Она сбросила с себя плащ, сложила его на спинке стула. В нее закрался смутный, леденящий душу страх. «Никто не должен прочитать Эммин дневник, – твердила она себе. – Но папа может сию же минуту вернуться и потребовать у меня сумку сестры, как требовал вчера. Я не отважилась показать черновик письма ни Сидони, ни Лорику. Что они обо всем этом подумают?»

С невозмутимым выражением лица она отрезала кусок хлеба и намазала его тонким слоем масла из соображений экономии. В старинной чугунной печи пыхтел огонь. Жасент представила, как она бросает в пламя дневник Эммы, как забывает о его содержании и возвращается к привычному ритму жизни: одинокое существование, наполненное мудростью и трудолюбием.

– Эге, малышка, мы все сейчас печалимся! – сетовал дедушка. – И все же твоей маме, кажется, немного лучше. Прислушайся к шагам на лестнице.

Альберта и Сидони спустились на кухню: обе одного роста, обе одетые в черное.

– Тебе стало нехорошо, бедный мой папа! Сидони мне рассказала, – произнесла Альберта мрачным голосом. – Я прошу у тебя прощения за то, что привлекла к себе слишком много внимания. Но отныне я сумею держать себя в руках.

– Наверняка тебе помогло лекарство доктора Ланжелье, дочка, – осмелился предположить Фердинанд. – Ты голодна?

– Немного. Увы! Организм заявляет о своих желаниях.

С этими словами Альберта подвинула стул к столу, ближе к отцу. Сидони сделала так же.

– В память об Эмме мы должны держаться друг друга, – уверенно сказала она, на этот раз прямо взглянув в глаза старшей сестры.

Жасент поспешно поднялась, чтобы приготовить чай и кофе. В полной растерянности она размышляла о том, как лучше себя повести.

«Я не должна держать зла ни на маму, ни на Сидони, ни даже на папу. В сложившихся обстоятельствах мое место – здесь, рядом с ними.
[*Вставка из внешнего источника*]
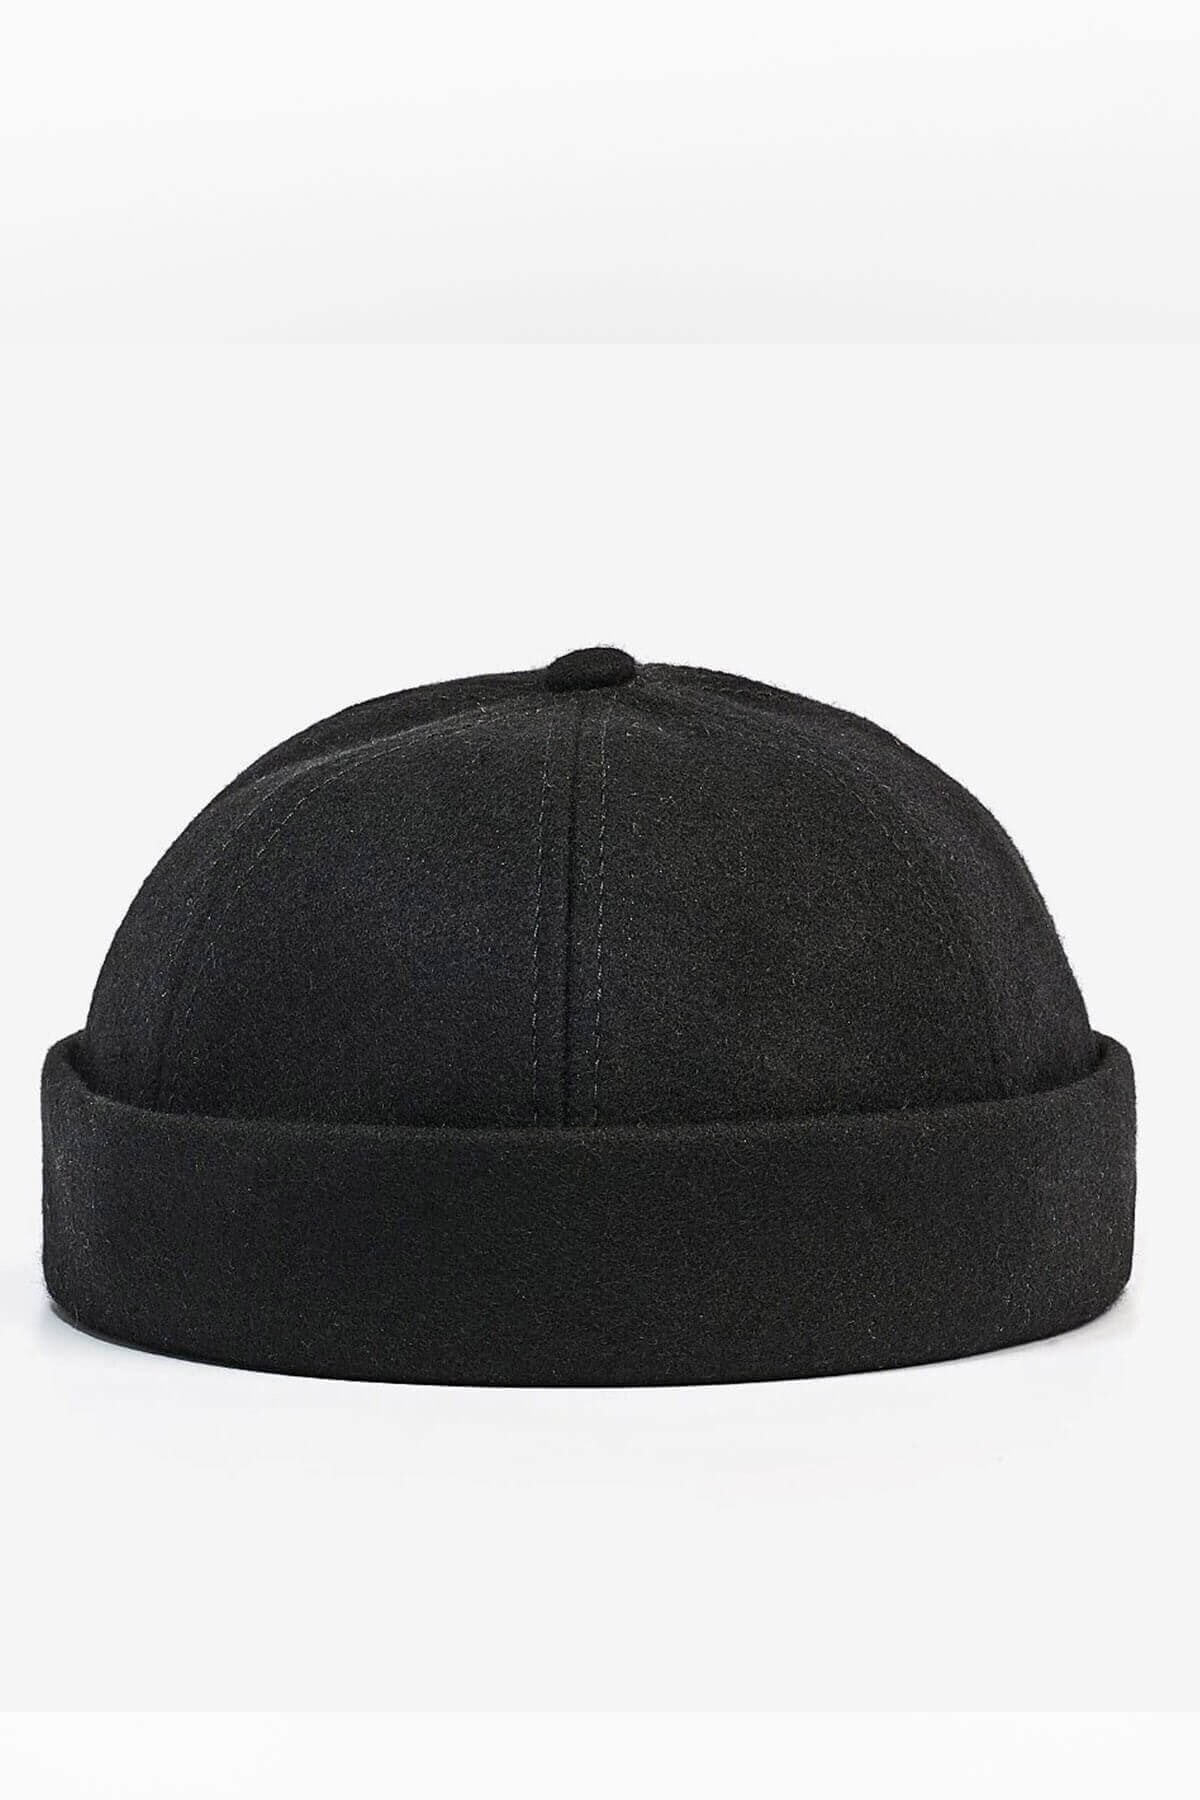 Külah Kadın Hipster Katlamalı Cap Docker Kışık Yün Şapka-siyah

К тому же я должна присмотреть за дедушкой. Но я нужна и в больнице. Если я уеду сегодня вечером, завтра я смогу уже быть в Сен-Жероме. Нет, дорогу туда затопило. У Пьера в Сен-Методе был баркас… А что, если меня подвезет он?»
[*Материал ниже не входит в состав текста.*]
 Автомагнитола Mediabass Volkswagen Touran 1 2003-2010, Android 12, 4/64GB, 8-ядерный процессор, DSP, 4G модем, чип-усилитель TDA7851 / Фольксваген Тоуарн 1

Эта мысль заставила ее вздрогнуть – перед ее глазами вновь мелькнули написанные карандашом строчки дневника, в которых шла речь о том, что Пьер все еще ее любит и что у нее есть шанс вновь его завоевать.

– А почему бы и нет? – громко сказала она, стоя перед печкой с горшком из эмалированного железа в руке.

– Жасент? – в недоумении окликнула ее Сидони. – О чем ты задумалась?

– О нас троих, о нашей семье, – соврала она. – Зачем терзать себя и в чем-то обвинять? Ты права, Сидо, мы должны держаться друг друга, несмотря ни на что.

По щекам Альберты текли слезы, тяжелыми каплями падая на жилет. Подборок едва заметно дрожал. К ней вернулась память, а вместе с ней и тяжелый груз, груз их безутешного горя. Во имя благопристойности и преданности своему мужу, во имя четверых детей, которых она произвела на свет, она похоронит в себе всю боль своей ноющей раны, открытой раны, которая никогда не зарубцуется. Пройдут дни, и все снова увидят ее за замешиванием теста для хлеба, стиркой простынь, стрижкой овец и пряжей шерсти, не подозревая о том, что это всего лишь дает ей возможность выжить.

– Я была неправа, обвиняя тебя, моя Жасент, – произнесла мать с мольбой в голосе. – Эмма была хорошенькой легкой бабочкой, которую удержать было невозможно. Ты не могла зорко присматривать за ней и одновременно выполнять свою работу в больнице. Иди ко мне, моя хорошая, поцелуй маму! Горе делает человека несправедливым.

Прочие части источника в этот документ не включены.